▶ [Activity]
What is needed is an exact copy of the data below, pictures excluded.

▶ [Data extract]
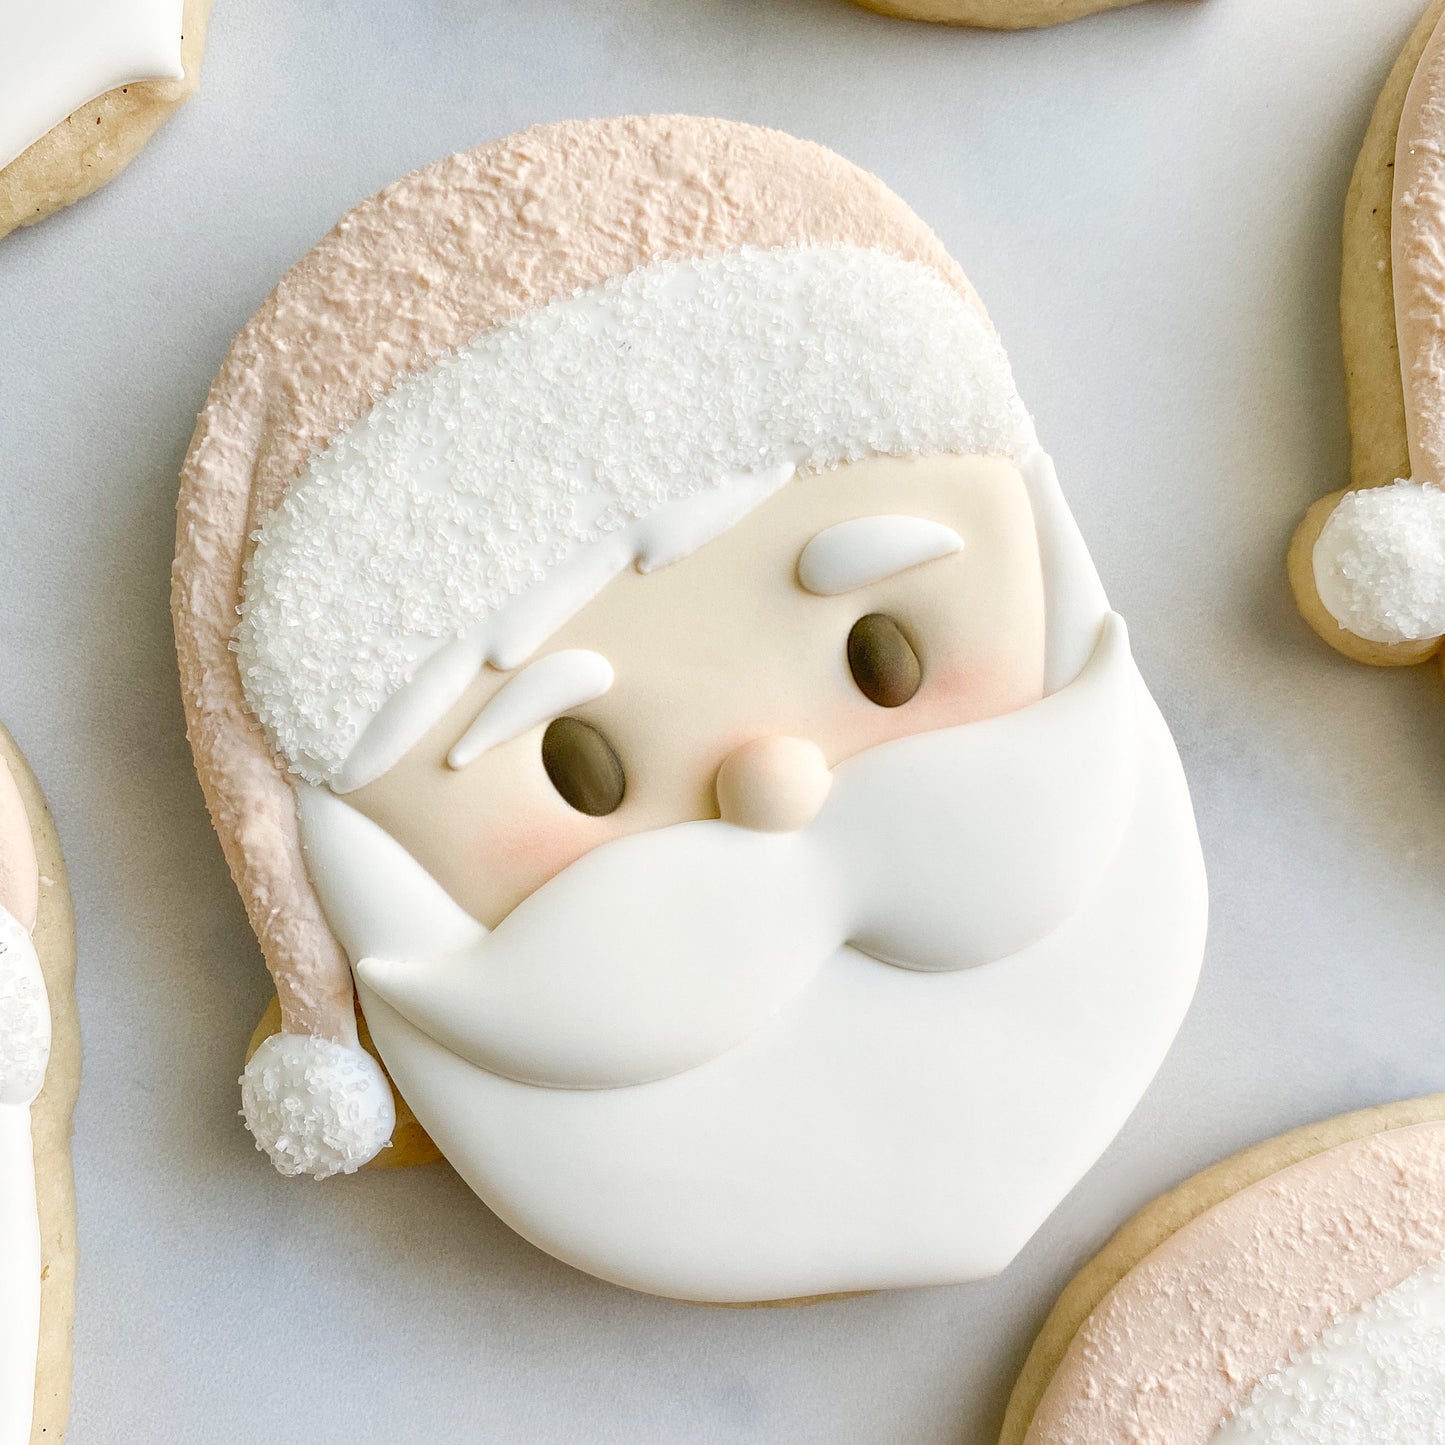 Santa cookie cutter
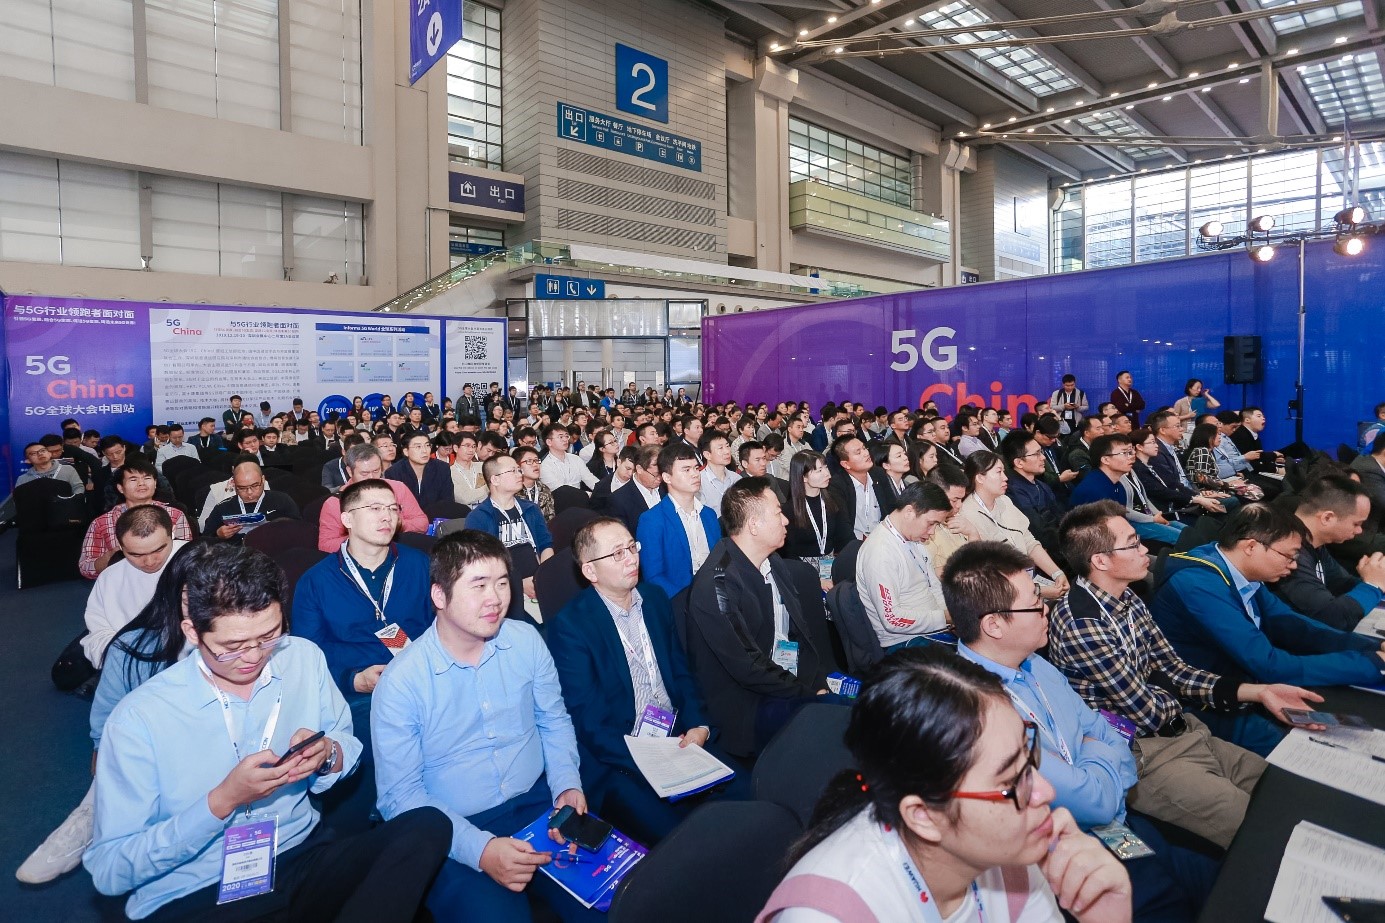 2019年5G全球大会中国站现场照片
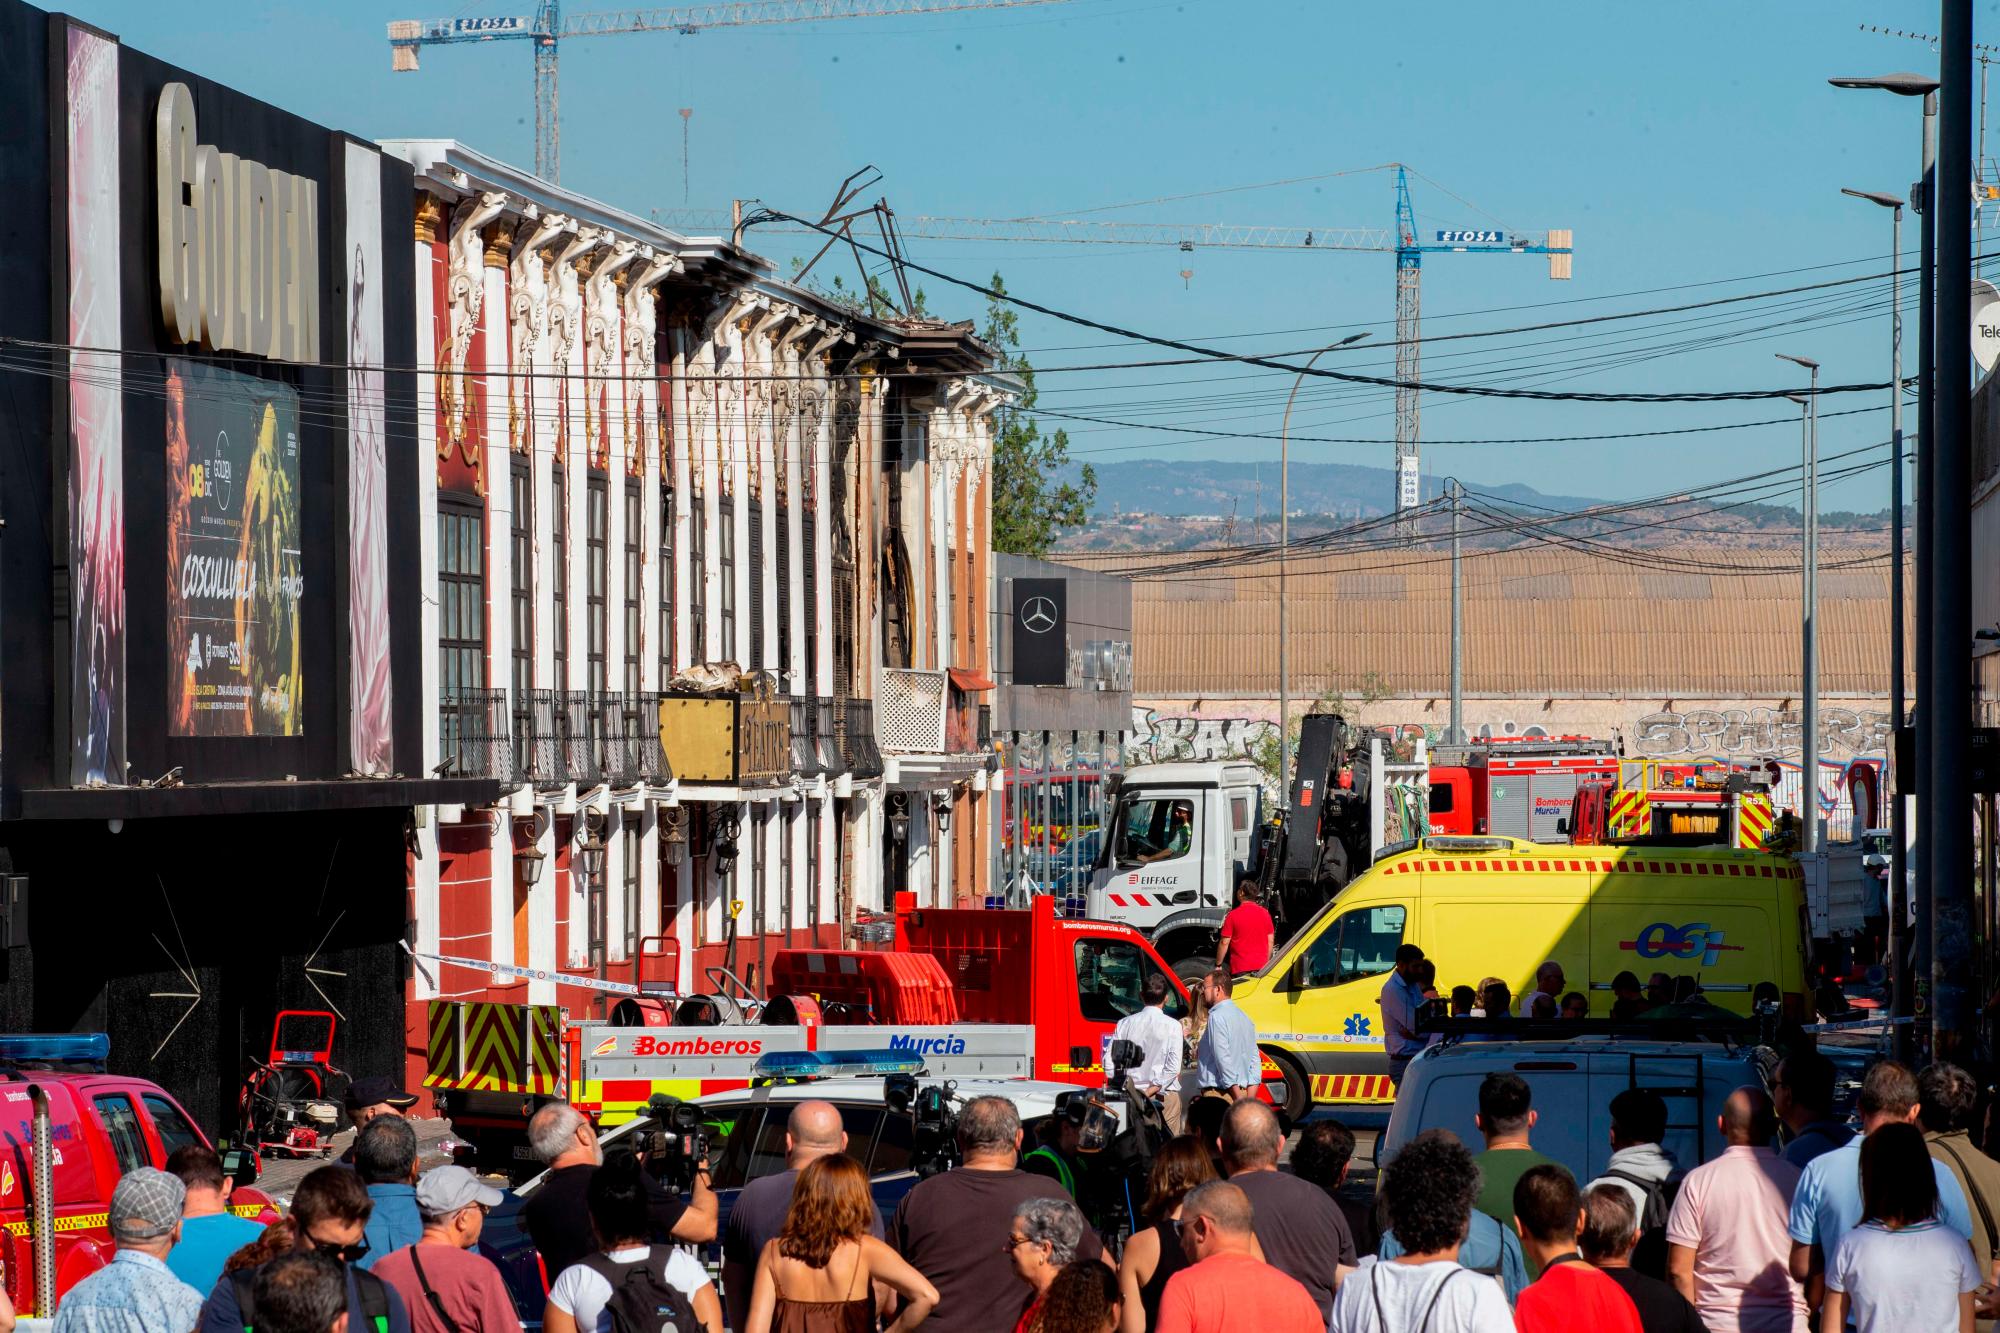 Dueño de discoteca incendiada en España dice que no fue notificado de la orden de cierre

▶ [Result below]
 Santa cookie cutter
 2019年5G全球大会中国站现场照片
 Dueño de discoteca incendiada en España dice que no fue notificado de la orden de cierre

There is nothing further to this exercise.